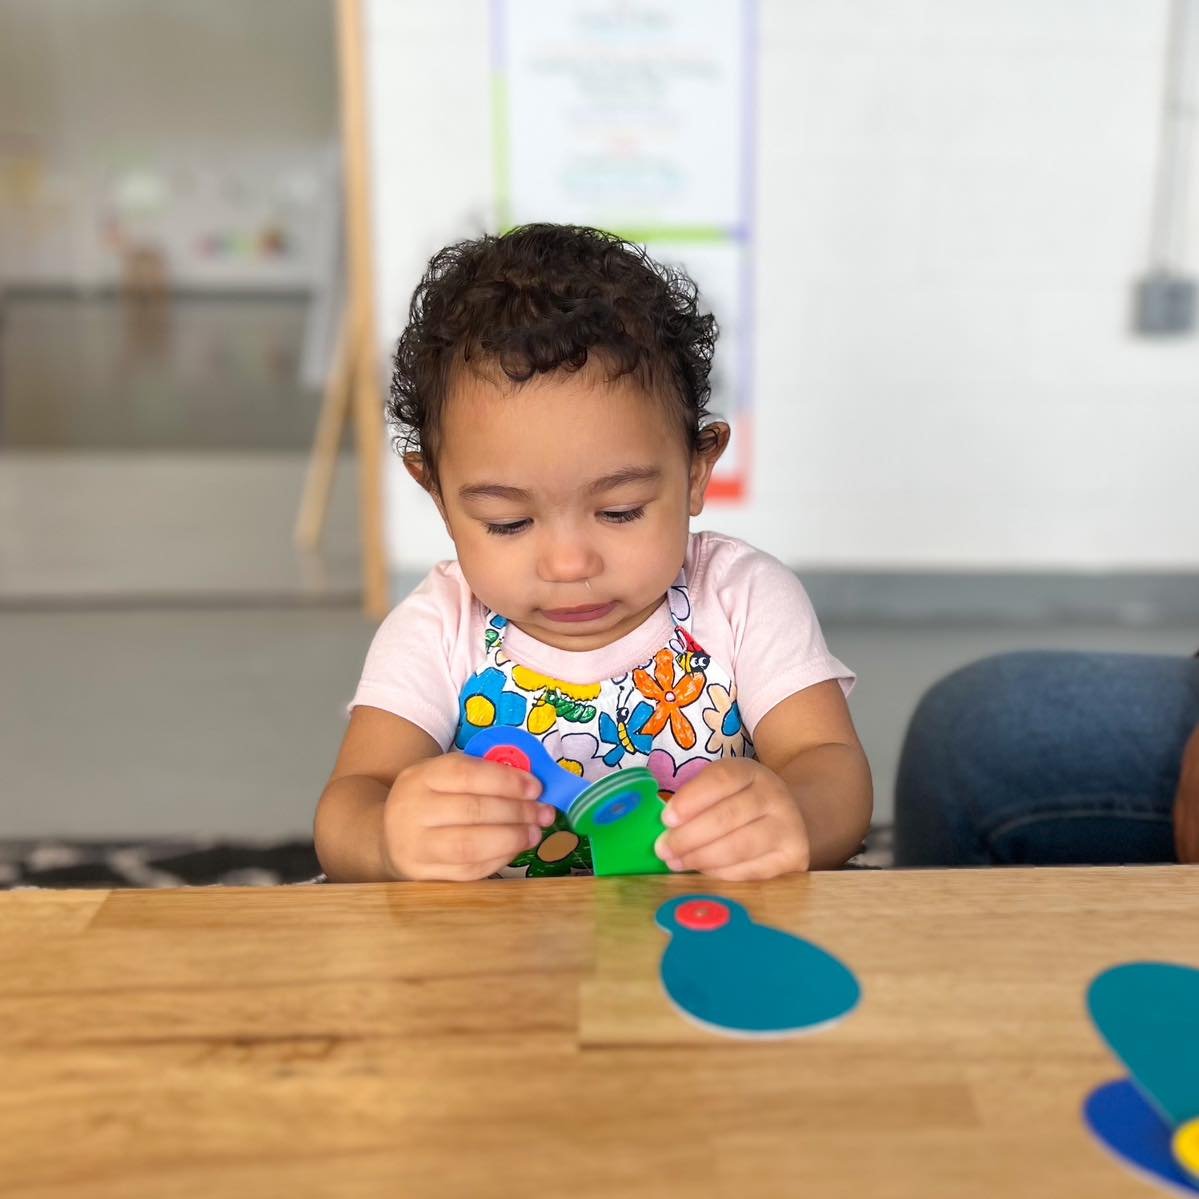 Always fun playing and learning with Clixo Magnets ! 
.
.
#DiscoverWCM
#WestchesterChildrensMuseum
#WestchesterFamily
#WestchesterKids
#StemEducation
#PlayToLearn
#ImaginationIsKey
#UseYourImagination
#ThingsToDoInWestchester
#WestchesterActivities

----------

WORK ORDER: Quote every record above exactly, omitting any pictures they contain.

SOLVED EXERCISE:
 Always fun playing and learning with Clixo Magnets ! 
.
.
#DiscoverWCM
#WestchesterChildrensMuseum
#WestchesterFamily
#WestchesterKids
#StemEducation
#PlayToLearn
#ImaginationIsKey
#UseYourImagination
#ThingsToDoInWestchester
#WestchesterActivities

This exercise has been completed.